# Wlan PCi für Win 7 64 Bit, welche?



## Maschine311 (20. November 2009)

*Wlan PCi für Win 7 64 Bit, welche?*

Hallo Leutz,
suche eine Wlan PCI Karte die mit Win 7 64Bit kompatibel ist. Habe Abit WiFi
die absolut Top ist und mich gerade mal 8,90€ gekostet hat, leider gibt es die nur noch sehr selten, da Auslaufmodell und die wollen alle um die 20€ haben für das Ding und sind nicht gerade vertrauenswürdige Händler.
Bräuchte mal ne Alternative bis 15€, wenn möglich mit so einer Kabelantenne mit Magnetfuß !

Danke euch!
Gruß
M311


----------



## s1n88 (25. November 2009)

*AW: Wlan PCi für Win 7 64 Bit, welche?*

Ich empfehle da immer wieder den Marktführer in China, TP-Link!
Sehr gute Leistung für wenig Geld mit meist sehr guten W-Lan Chipsätzen (Atheros)

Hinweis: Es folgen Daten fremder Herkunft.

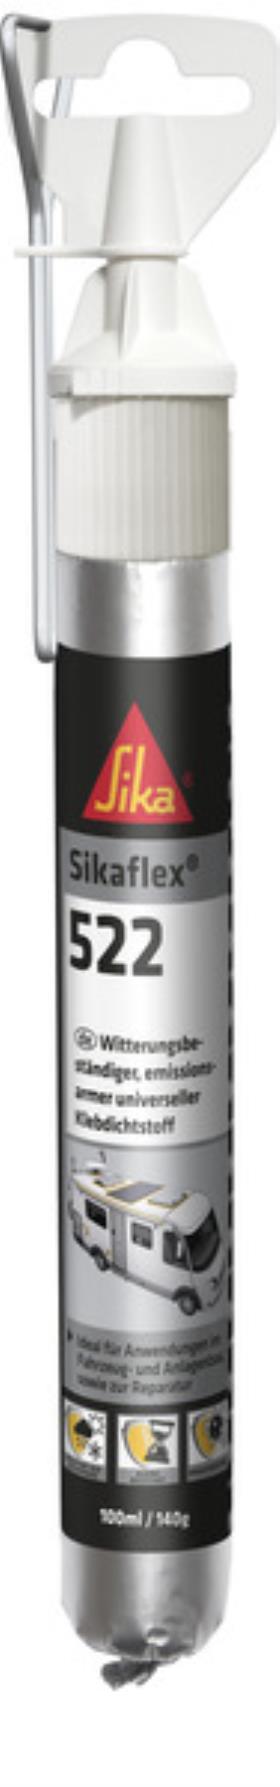 Sikaflex 522 weiß

Da du jetzt nicht sagtest, welchen Standard du benötigst, habe ich einfach mal 108 MBit/s gewählt.

PCI-Karte: TL-WN651G
Die Karte ist ab 13 Euro zu haben.

Passenden Standfuß gibt es auch von TP-Link ab 4 Euro.
Standfuß: TL-ANT2405C

Die Karte läuft unter Win7 x64 einwandfrei!


----------



## Hasamaatlas (31. Dezember 2009)

*AW: Wlan PCi für Win 7 64 Bit, welche?*

Hallo s1n88,

Du hast geschrieben dass Du die TL-WN651G unter Win7 64bit zum laufen bekommen hast?

Mein Problem ist jetzt dass sie zwar läuft aber nur wenn der Router mit 54Mbit läuft. Stell ich den Router auf 108Mbit krieg ich keine Verbindung bzw. sehe ich das WLAN nicht mehr. Mit wieviel läuft Deine Karte?

MfG


----------